EXERCISE DATA:
--------------------

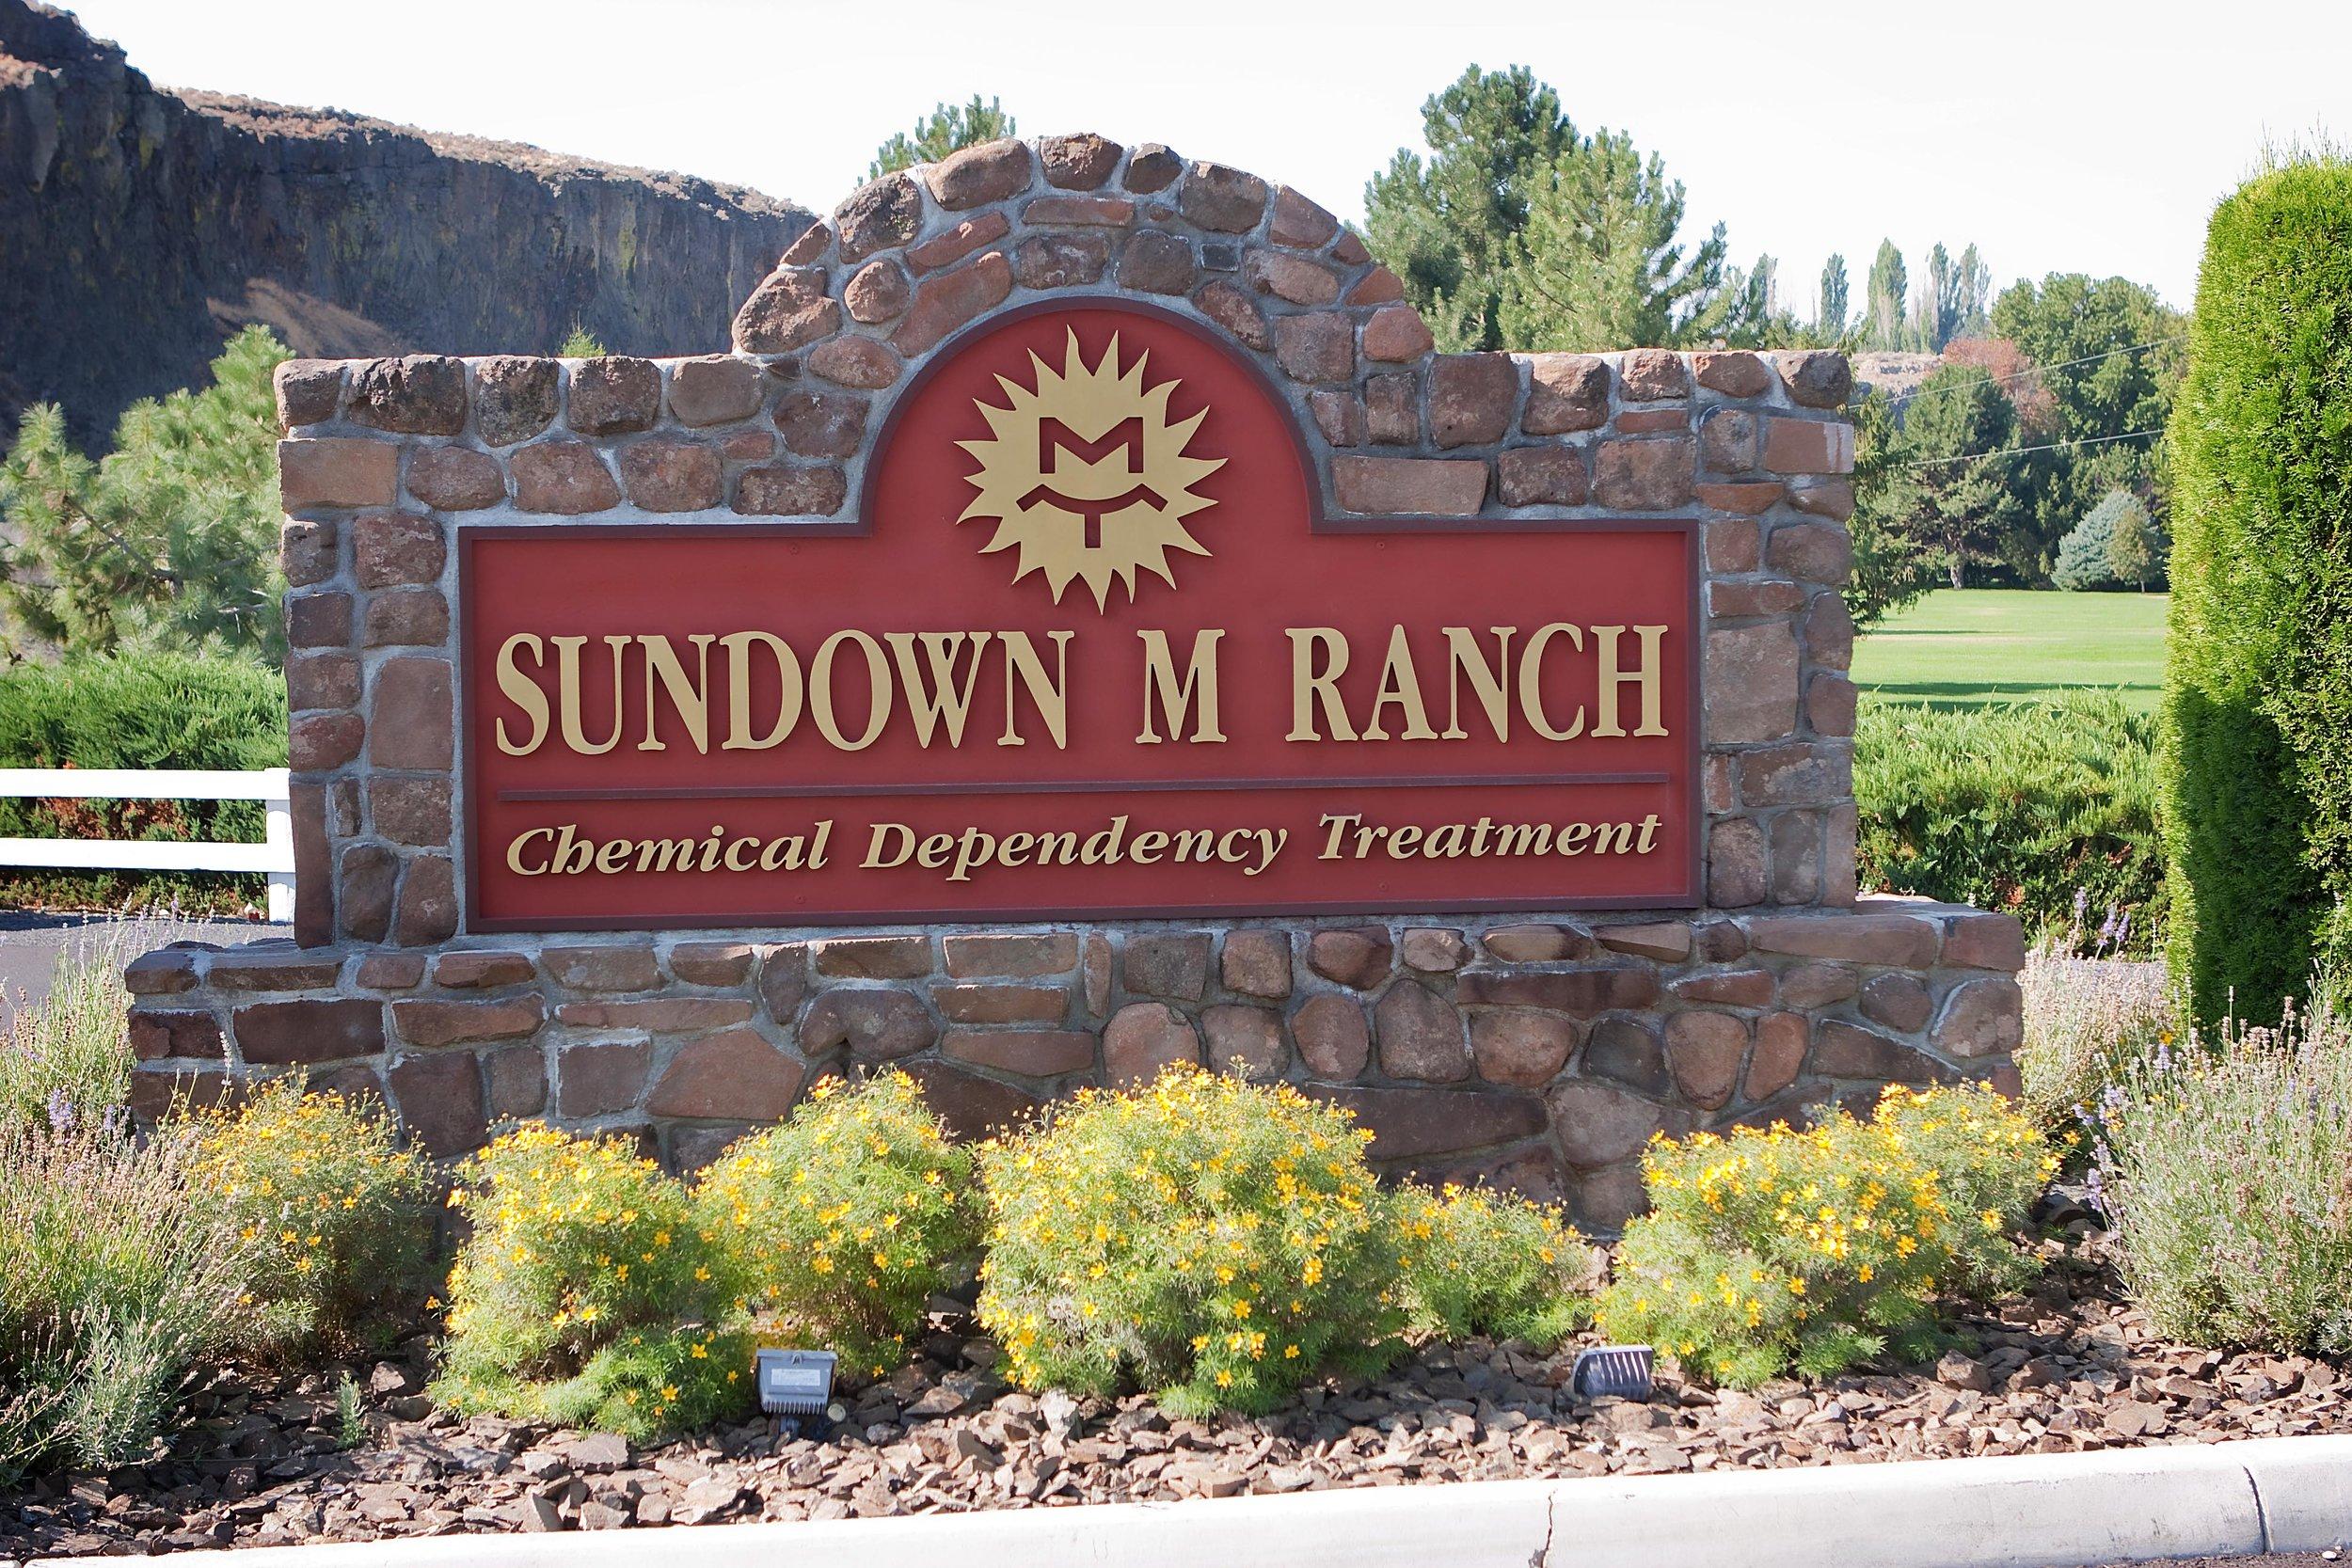 Image via  Sundown M Ranch
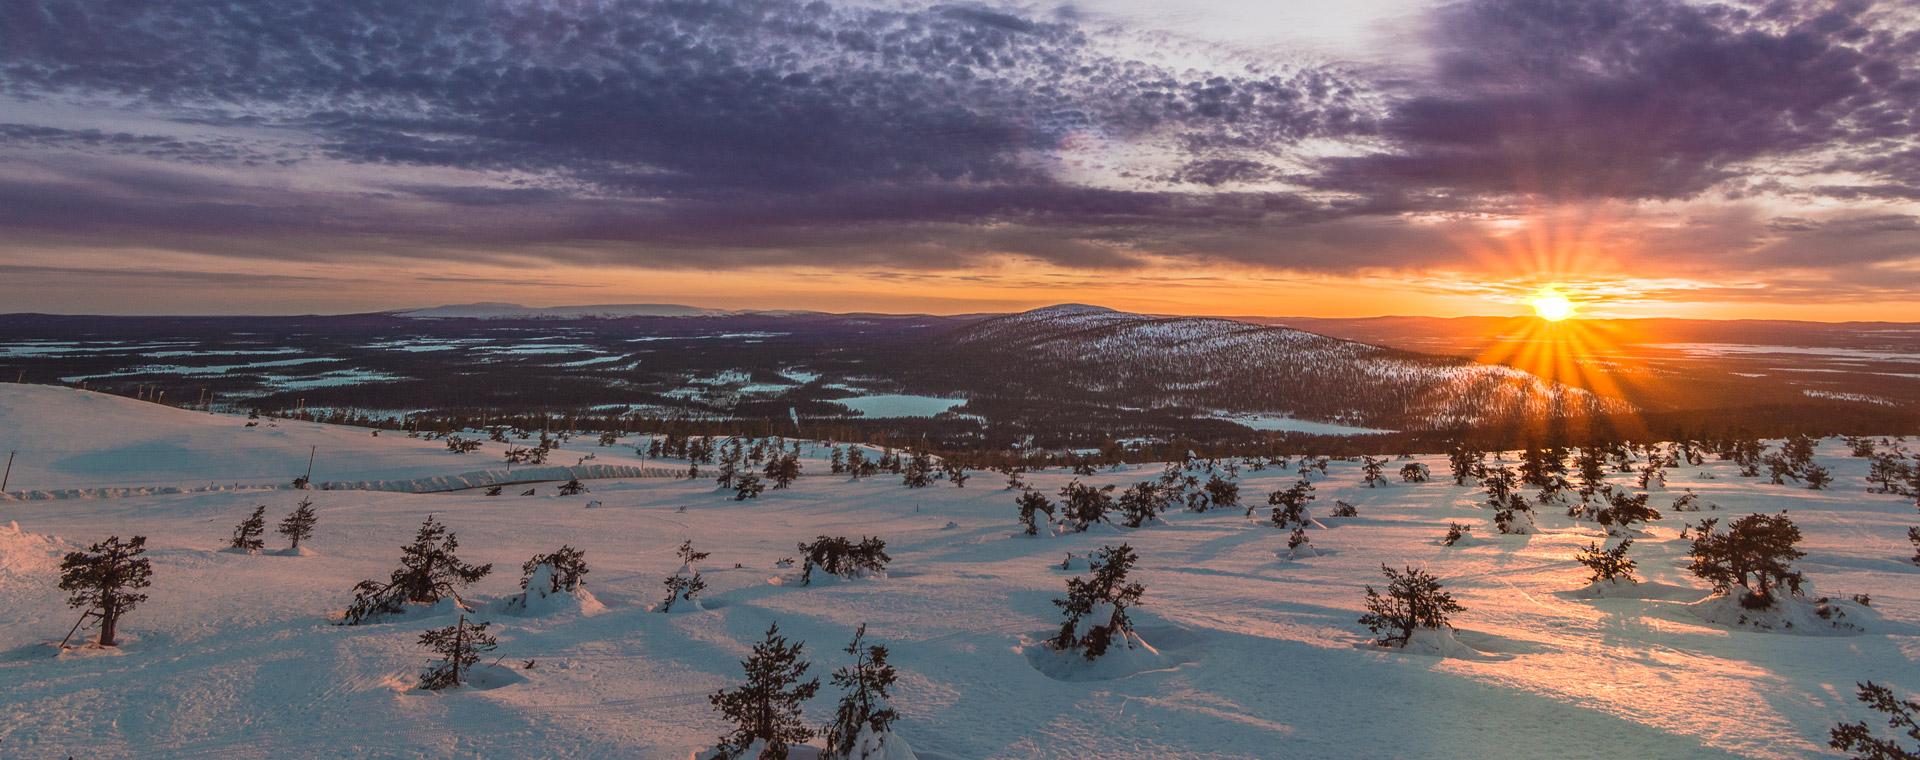 Image Levi, Laponie finlandaise
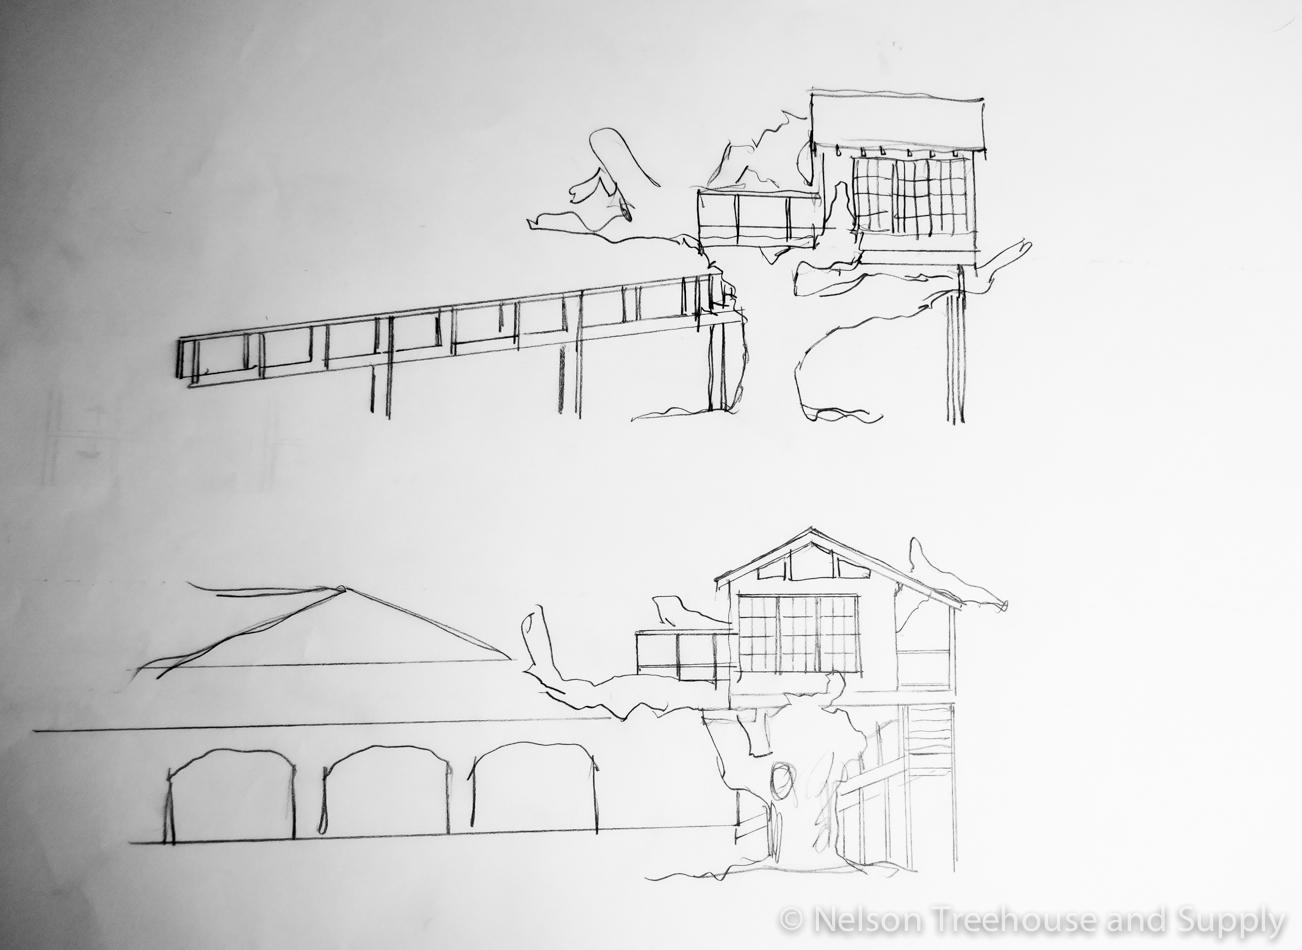 laurel_dining_treehouse_sketch

--------------------

WHAT IS BEING ASKED:
Reproduce the material word for word. Skip every picture it holds.

SOLUTION FOR THIS EXERCISE:
 Image via  Sundown M Ranch
 Image Levi, Laponie finlandaise
 laurel_dining_treehouse_sketch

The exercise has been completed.